The filmmaker was born and brought up in Kalahandi Balangir Koraput region of eastern Odisha state which is prone to drought and floods and moved to Delhi in 1995.

“It amazes me that I live in an ecosystem where you see four seasons, you drink water straight from the river. Natural wealth is free to us – air, water, fire, everything. And I come to Delhi where you buy everything. I buy water, I buy air. Every There is an air filter in the room.

In 2019, Panda made a short film for an anthology in which he explored the issue of pollution in Delhi through a courtroom drama about a couple divorcing because they couldn’t agree on whether to move on or not. Lives in the capital.

“You can’t entertain and show off,” Panda says.

Creators also face the challenge of humanizing difficult stories.

Singh, whose 2018 book looked at India’s air pollution crisis, says he struggled to find the people behind the statistics while writing it.

“We always read these news headlines where a million or two million people die every year because of pollution. But where are these people? Where are their stories? “

Getty Images A woman covers her face as she walks past schoolboys on a cold smoky morning in the old quarters of New Delhi in November 2024.Getty Images

Pollution can have devastating health effects but it doesn’t lend itself to dramatic scenes

Environmental themes feature frequently in India’s vast regional literature, a theme highlighted by many contemporary English writers including Ghosh – Delhi’s Bhalswa garbage dump features in Neelanjana S Roy’s crime novel Black River. In Gigi Ganguly’s Biopeculiar and Janice Parriat’s Everything the Light Touches, the writers explore our relationship with the natural environment.

But there is still a long way to go.

One reason for the relative dearth of such stories, says Singh, is that the people creating them can be “insulated” because of their privilege.
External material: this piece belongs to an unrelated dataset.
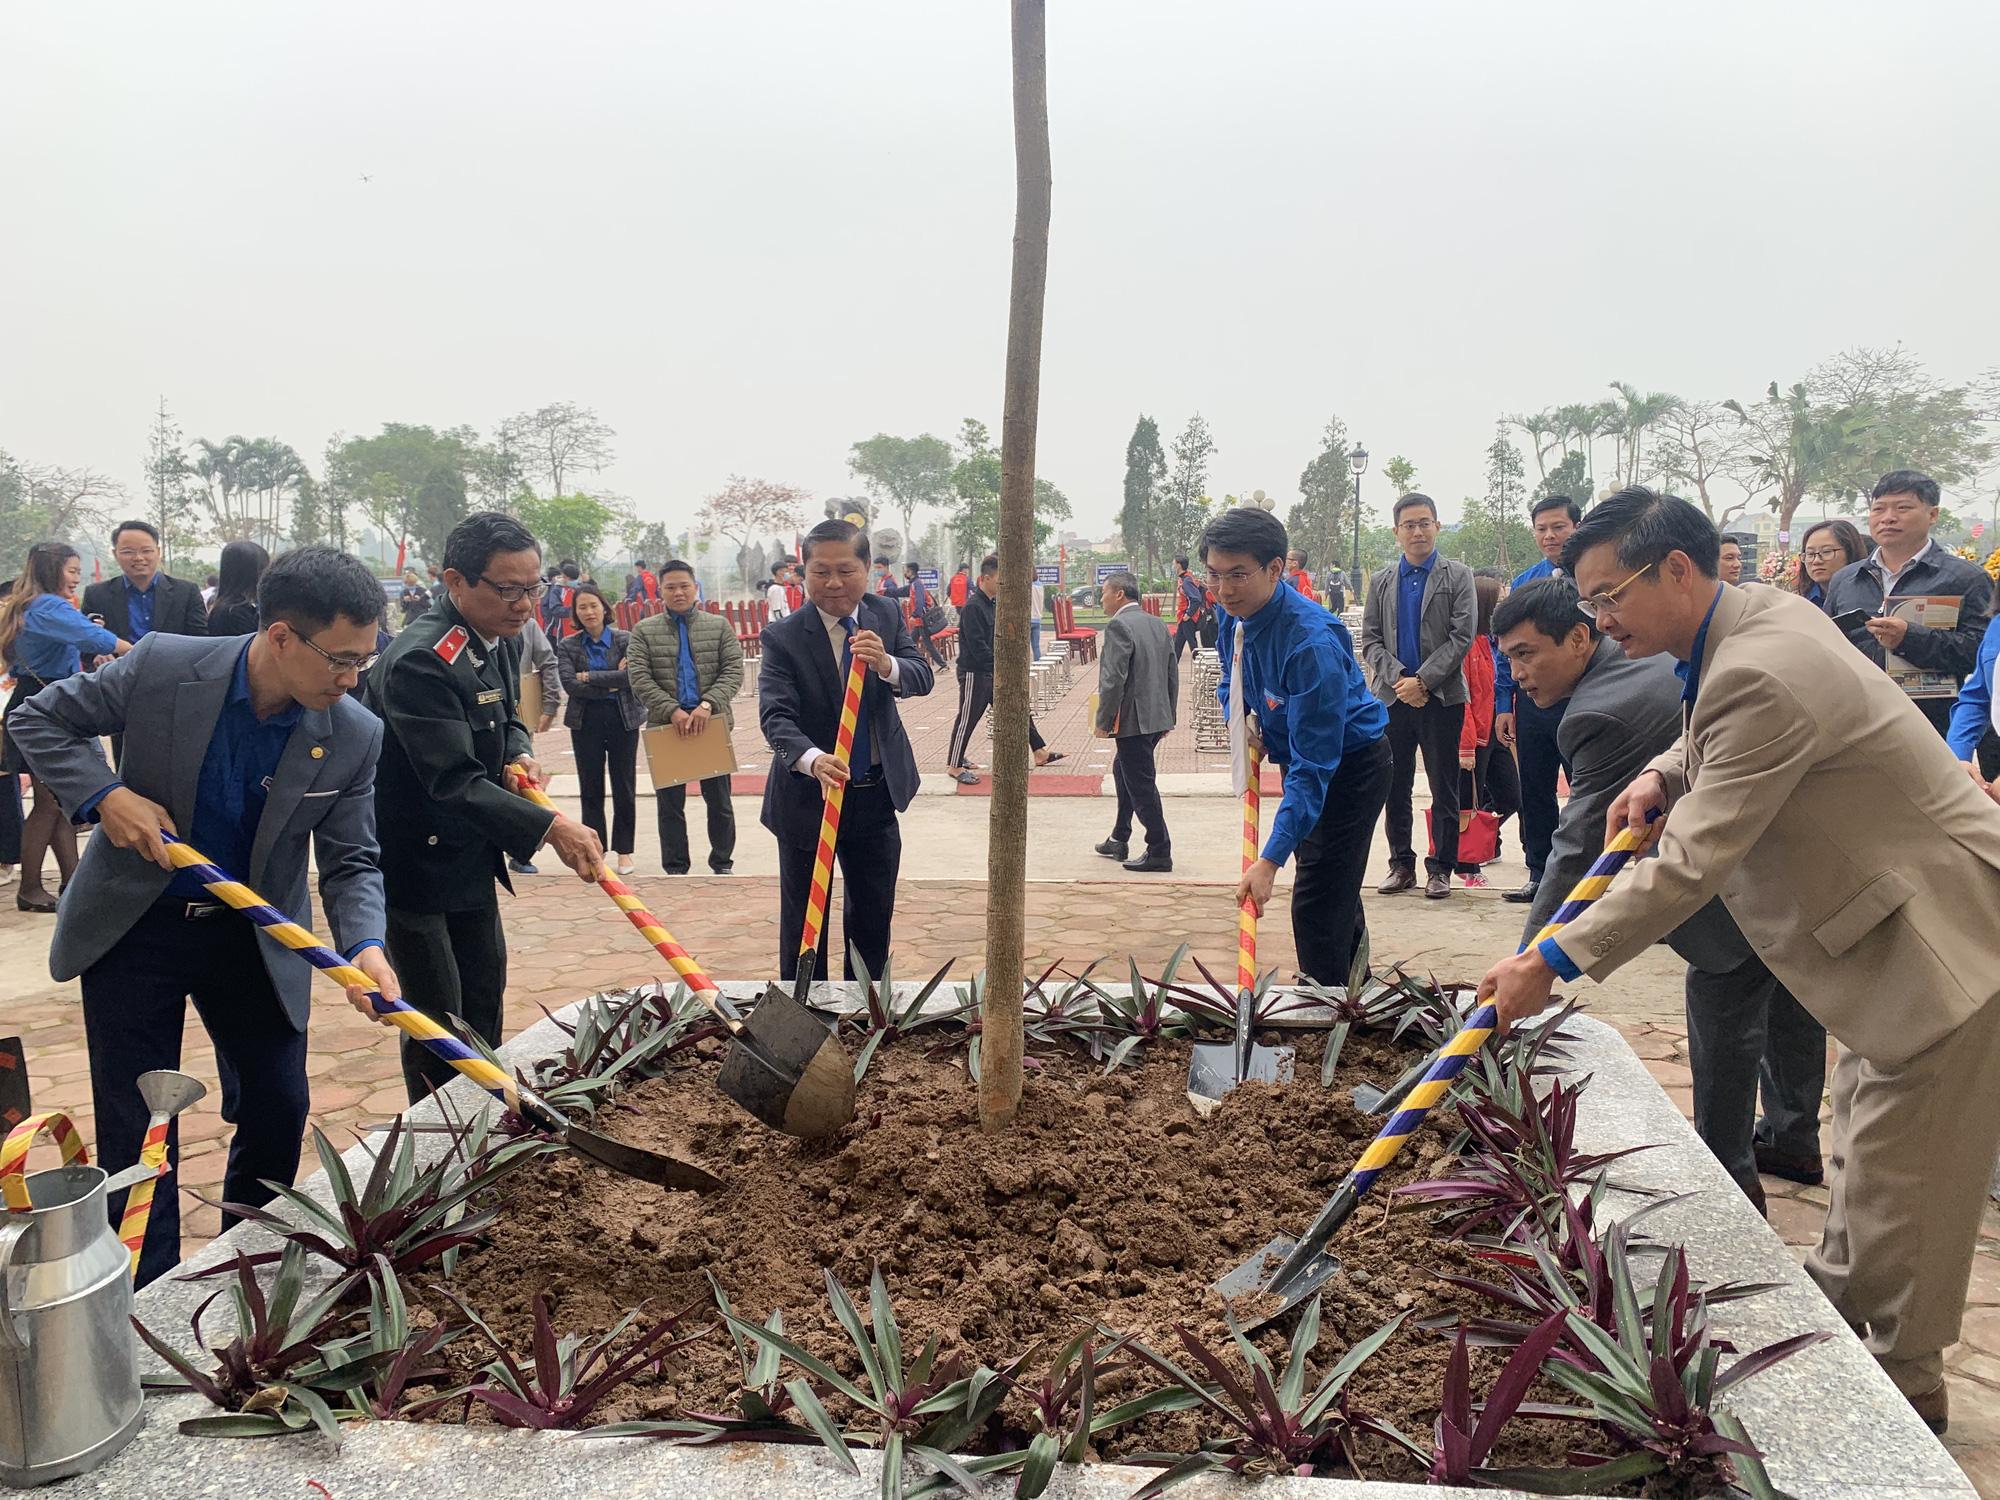 """Đoàn Thanh niên Bộ LĐ-TB&XH tổ chức Lễ kỷ niệm 90 năm Ngày thành lập Đoàn và phát động Phong trào """"Trồng thêm một cây xanh là thêm một hành động bảo vệ môi trường"""" - Ảnh 4."""

“They are not people on the banks of the (polluted) Yamuna, seeing poetry in it or writing about stories on its banks.”

Memes and photos on social media these days are more effective in capturing the gravity of air pollution, he says.

“A meme that went viral a few days ago said, ‘Sheikh Hasina (now Prime Minister of Bangladesh in Delhi) spotted on her daily morning walk’. But the accompanying picture was completely gray because she couldn’t be seen due to air pollution!

The writer hopes that such creative outlets will eventually find enough momentum to “trigger a response from those who actually make a difference.”

“I think we’re lacking at the moment,” he says.